Рамис опешил, не ожидая от всегда покладистой и любезной подруги такого отпора, затем, пьяно набычившись, закричал:

– Что ты сказала, женщина? Что тебя рвет от моих друзей?

Совсем близко, должно быть прямо над домом, мощно ударил гром, и Алиса выкрикнула:

– Да, если хочешь! Меня выворачивает и от твоих друзей, и от твоей пьяной рожи. Дай мне пройти! Я спать хочу!

– Сука! Русская потаскушка! – Рамис наотмашь ударил ее по лицу.

Алиса, не успела увернуться, отлетела к стене:

– Что ты делаешь? Ах, ты…

– А что? За все уплачено. Иди в гостиную, я сказал! – визгливо приказал Рамис и снова ударил ее.

Алисе почти не было больно, она лишь ощутила во рту солоноватый привкус крови. Рамис опять бросился на девушку, но на этот раз она ловко увернулась, проскочила мимо него и влетела в спальню.

Повернув ключ в замке, Алиса упала на кровать и спрятала голову в подушки. Она не плакала. Слез не было, лишь гнетущая тоска. Некуда бежать! Некому жаловаться! Она сама выбрала такую жизнь. Или такая жизнь выбрала ее…

Примерно через полчаса в дверь спальни постучали. Алиса открыла. На пороге стоял Рамис, кажется, он успел прийти в себя.

– Что ты хочешь? – прошелестела Алиса.

– Ладно, я погорячился. – Он говорил с чуть более сильным акцентом, чем обычно.

Алиса села к туалетному столику и хмуро поглядела на себя в зеркало – нижняя губа распухла, в уголке рта запеклась кровь.

– Ты сама виновата. Зачем раздражать мужчину? Вот возьми… – Он бросил ей пачку купюр, не считая. – Купи себе что-нибудь. Золото, бриллианты, я не знаю. Что хочешь… – Рамис с отеческой снисходительностью похлопал ее по плечу и вышел.

Алиса машинально взяла деньги, пересчитала:

«Больше тысячи долларов! Что ж, видно, он и вправду чувствует себя виноватым. Но теперь инцидент исчерпан. Он извинился на свой лад и может продолжать в том же духе. За все уплачено, как он верно подметил».

Хлынул долгожданный дождь. Тяжелые капли застучали по крыше, смочили дорожку перед домом, упали на уже закрывшиеся на ночь цветы под окном. Запахло свежестью, юностью, жизнью. Алиса швырнула деньги обратно на столик и подставила лицо дождю. Ее словно омыло легкими теплыми струями: ушла тяжесть, отступили отчаяние и безысходность.

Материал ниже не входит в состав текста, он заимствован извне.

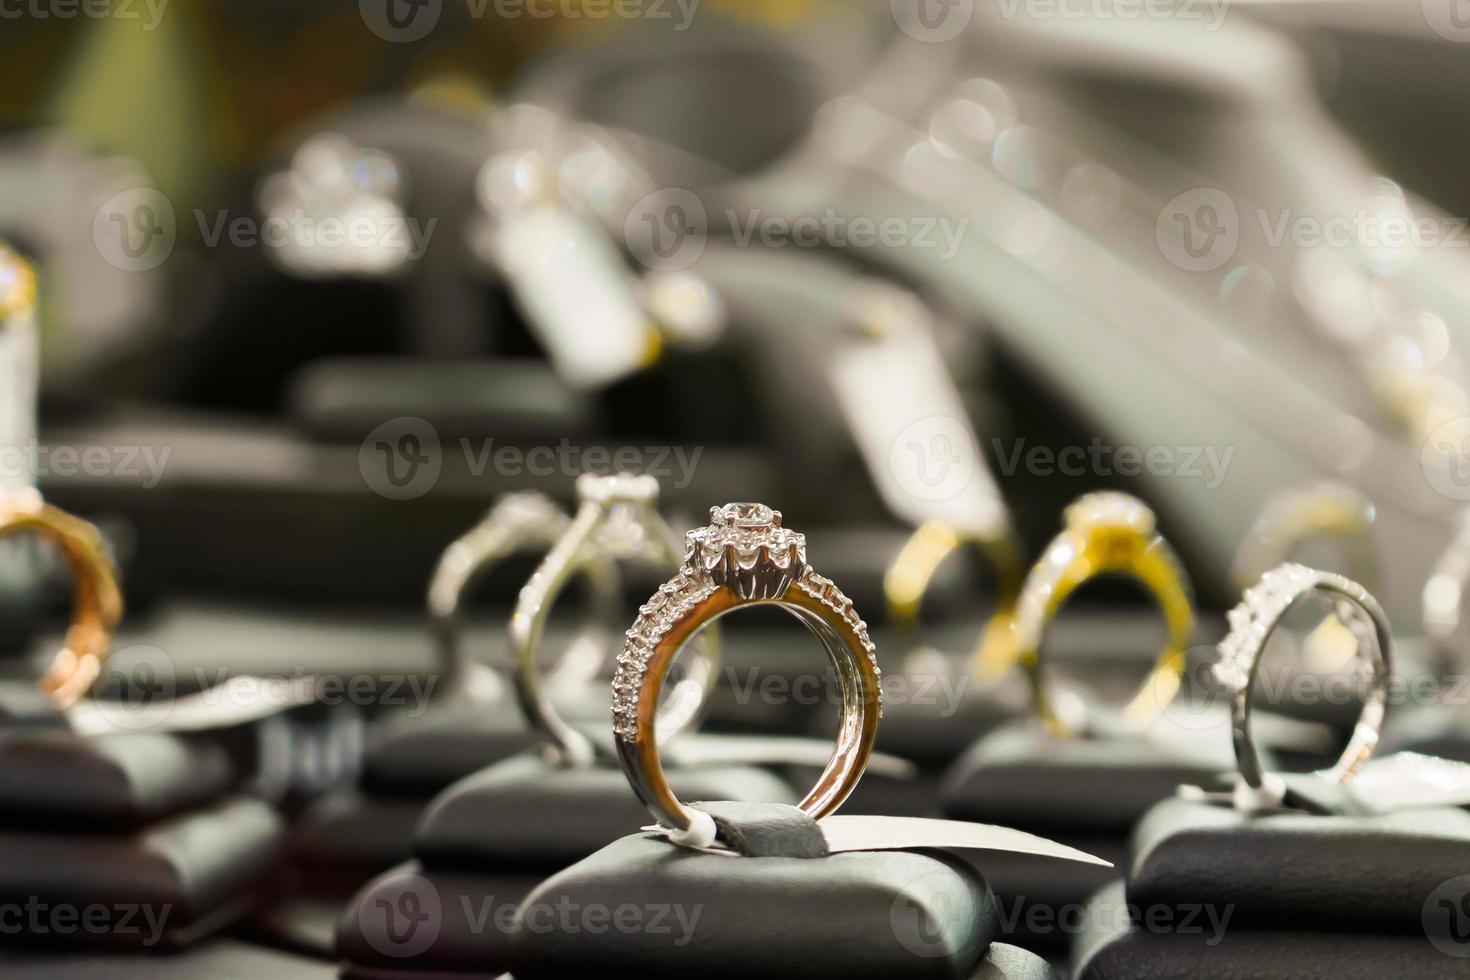 jewelry diamond rings show in luxury retail store window display showcase photo

«Да что же это, в конце концов! Всего-то тридцать! Впереди целая жизнь! Неужели же потратить ее на то, чтобы обслуживать мерзкого коротышку Рамиса и подобных ему экземпляров? Да никакие деньги, никакая вилла на берегу океана не стоят и одного дня единственной и неповторимой жизни».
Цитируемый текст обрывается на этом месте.